▶ [What is being asked] The full listing, written out exactly and without images, is the expected result.

▶ [Data segment]
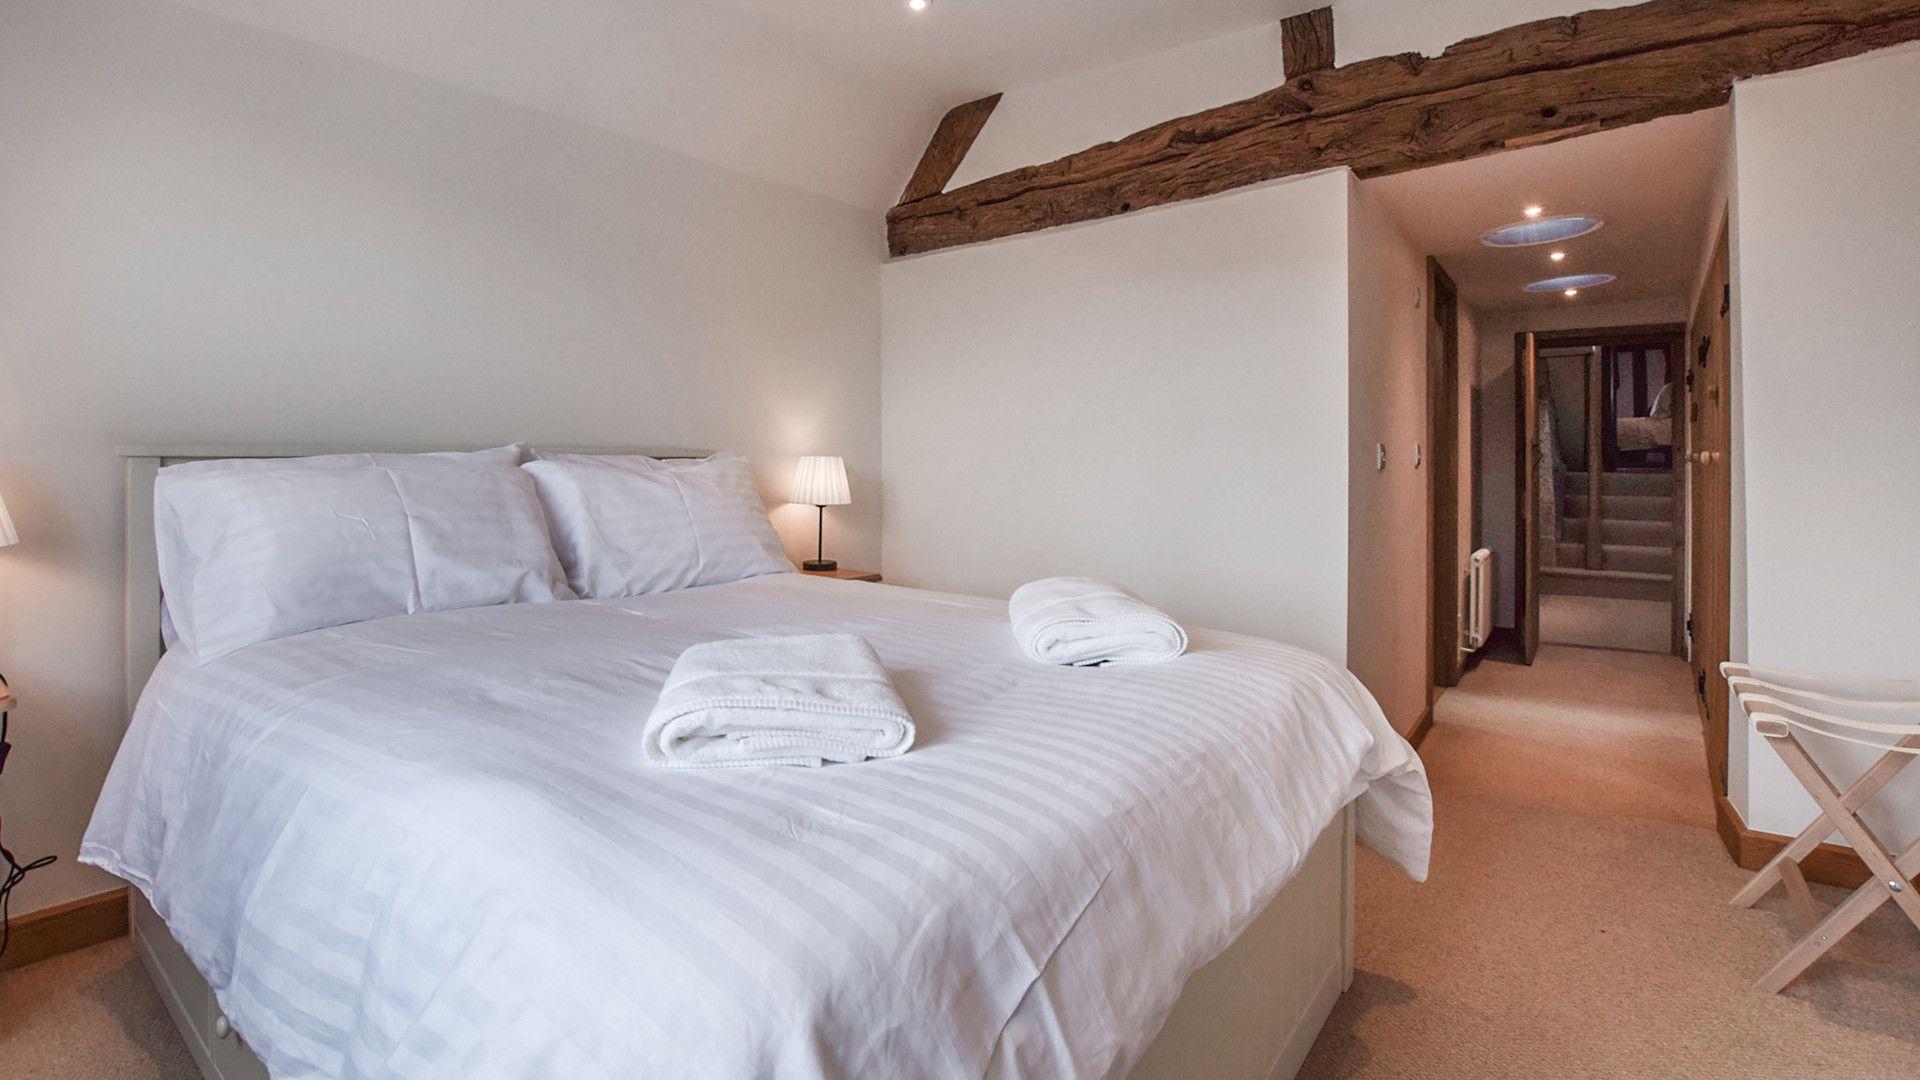 Bedroom 2, king-size, Mercia House, Bolthole Retreats
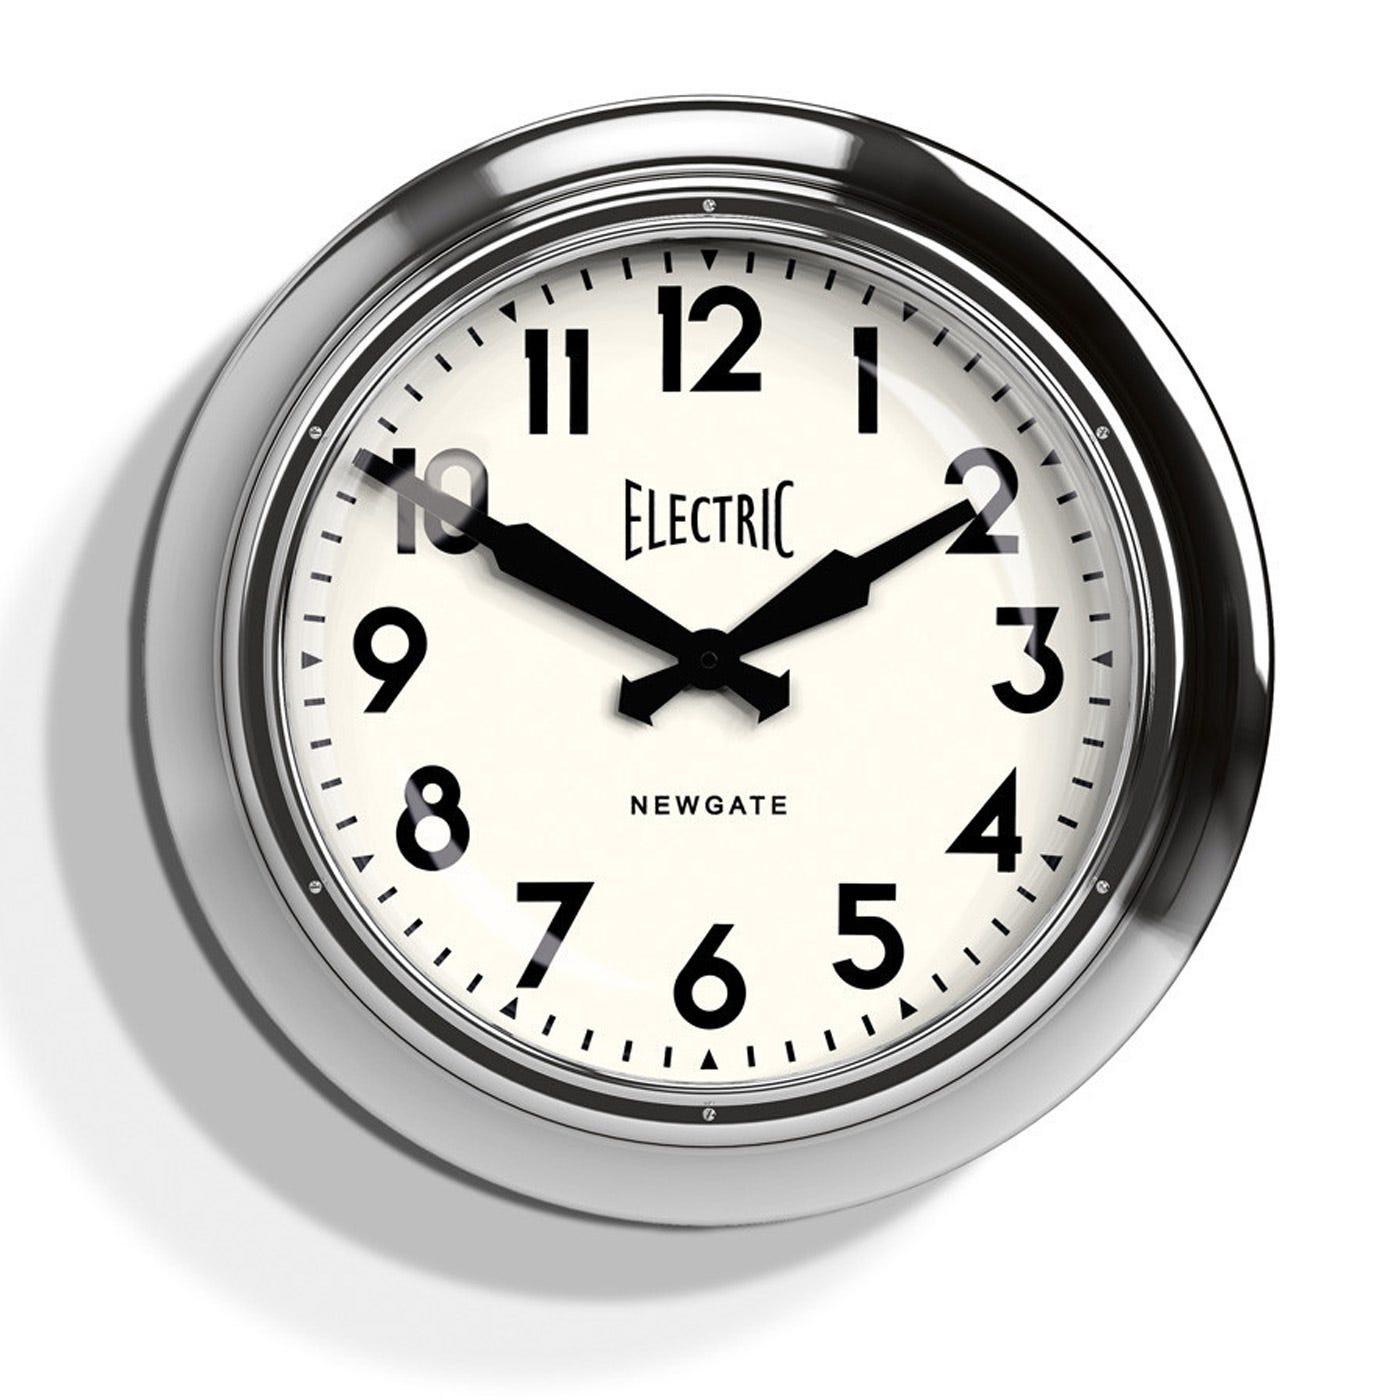 Newgate Electric 50s Chrome Wall Clock
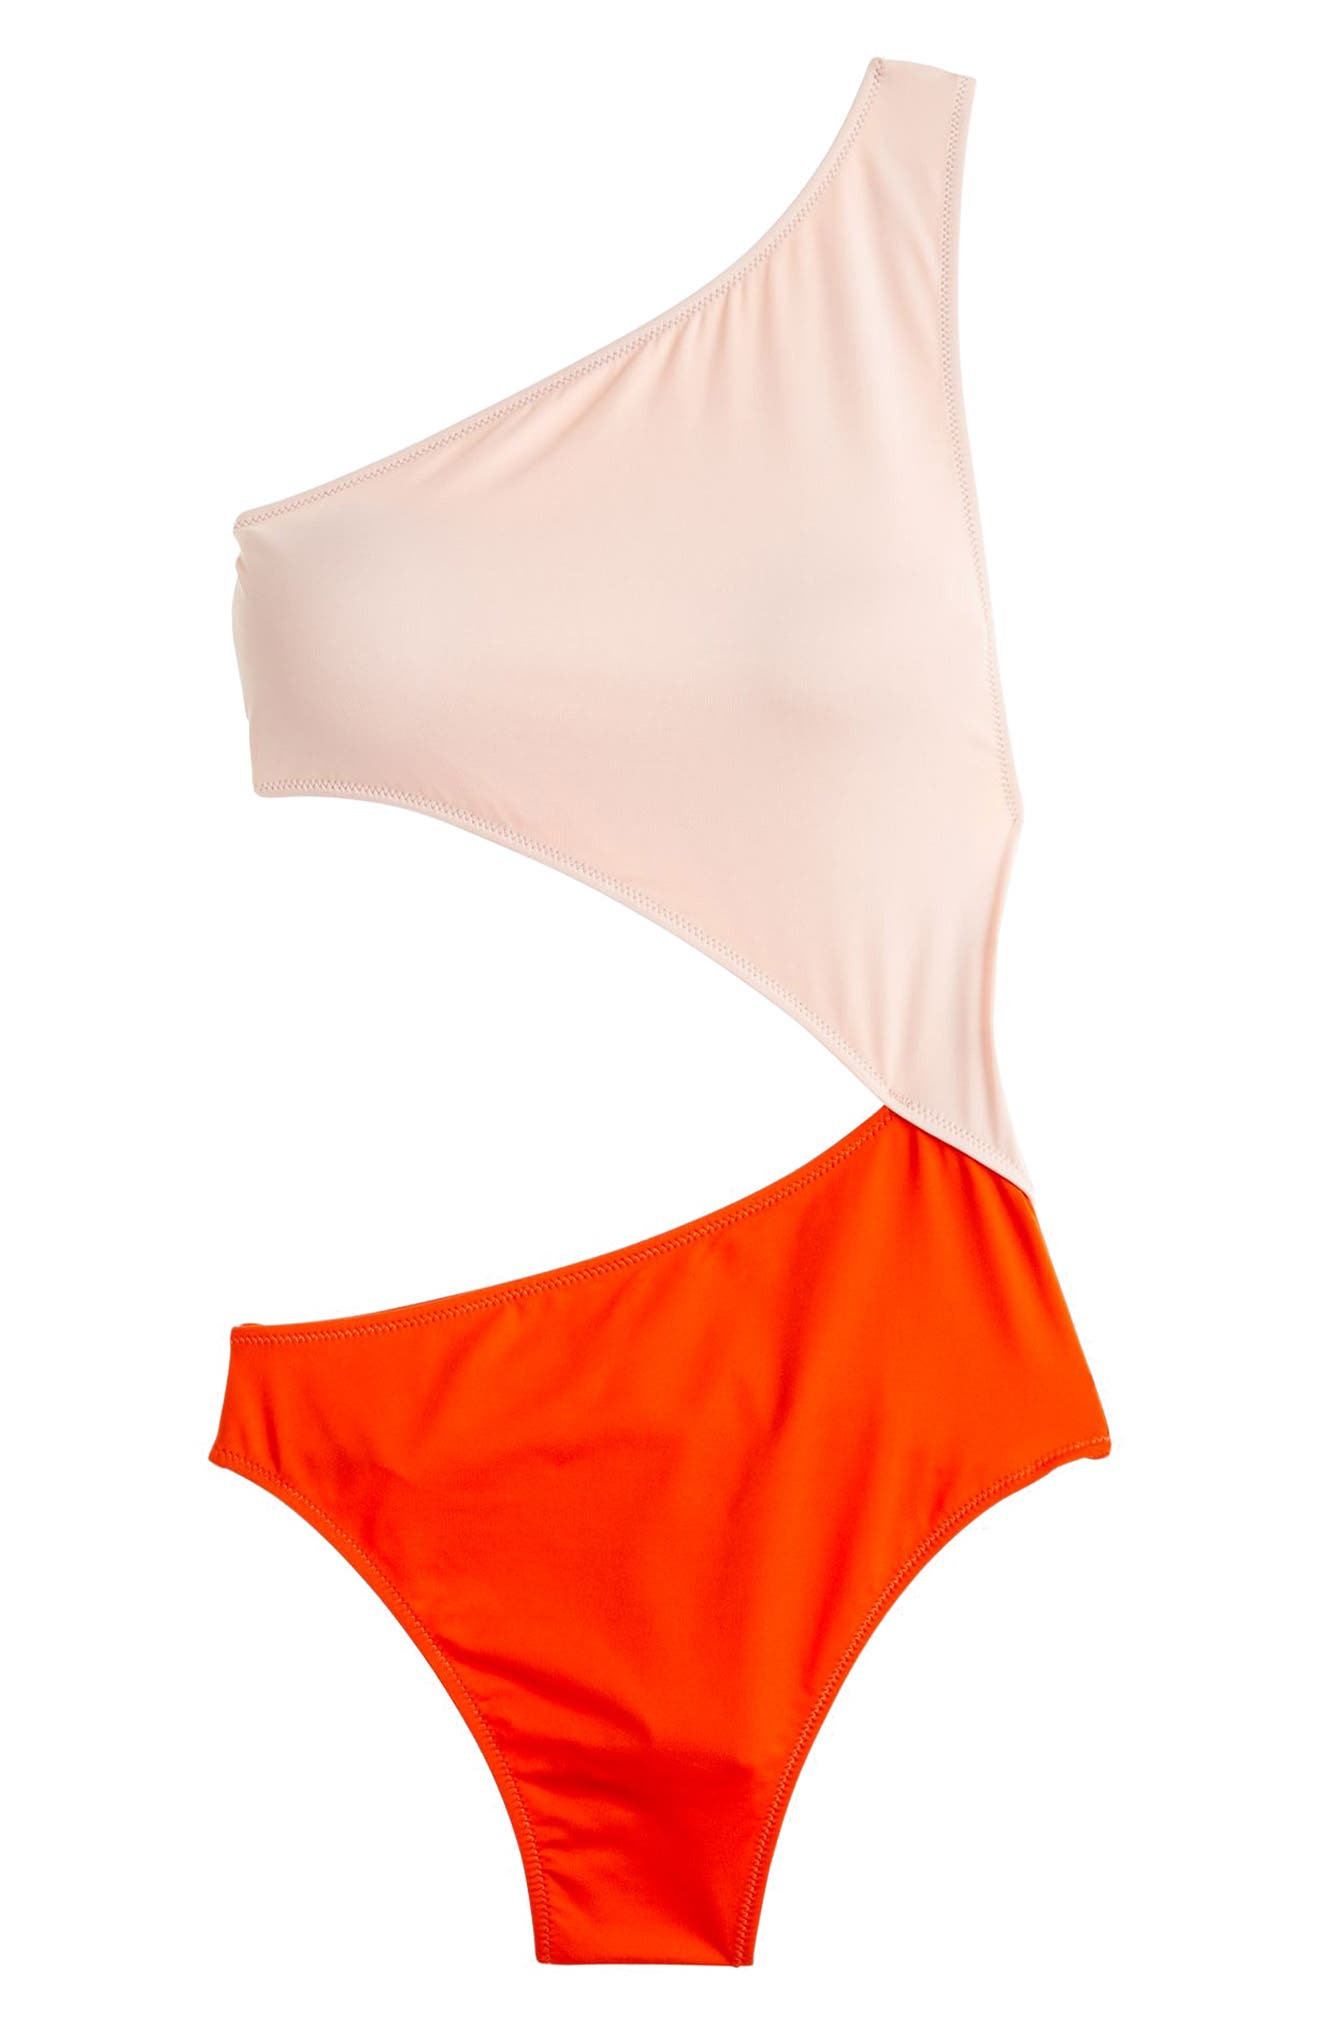 Playa Tilden Colorblock One-Piece Swimsuit,                             Alternate thumbnail 3, color,                             801

▶ [Solution to the problem]
 Bedroom 2, king-size, Mercia House, Bolthole Retreats
 Newgate Electric 50s Chrome Wall Clock
 Playa Tilden Colorblock One-Piece Swimsuit,                             Alternate thumbnail 3, color,                             801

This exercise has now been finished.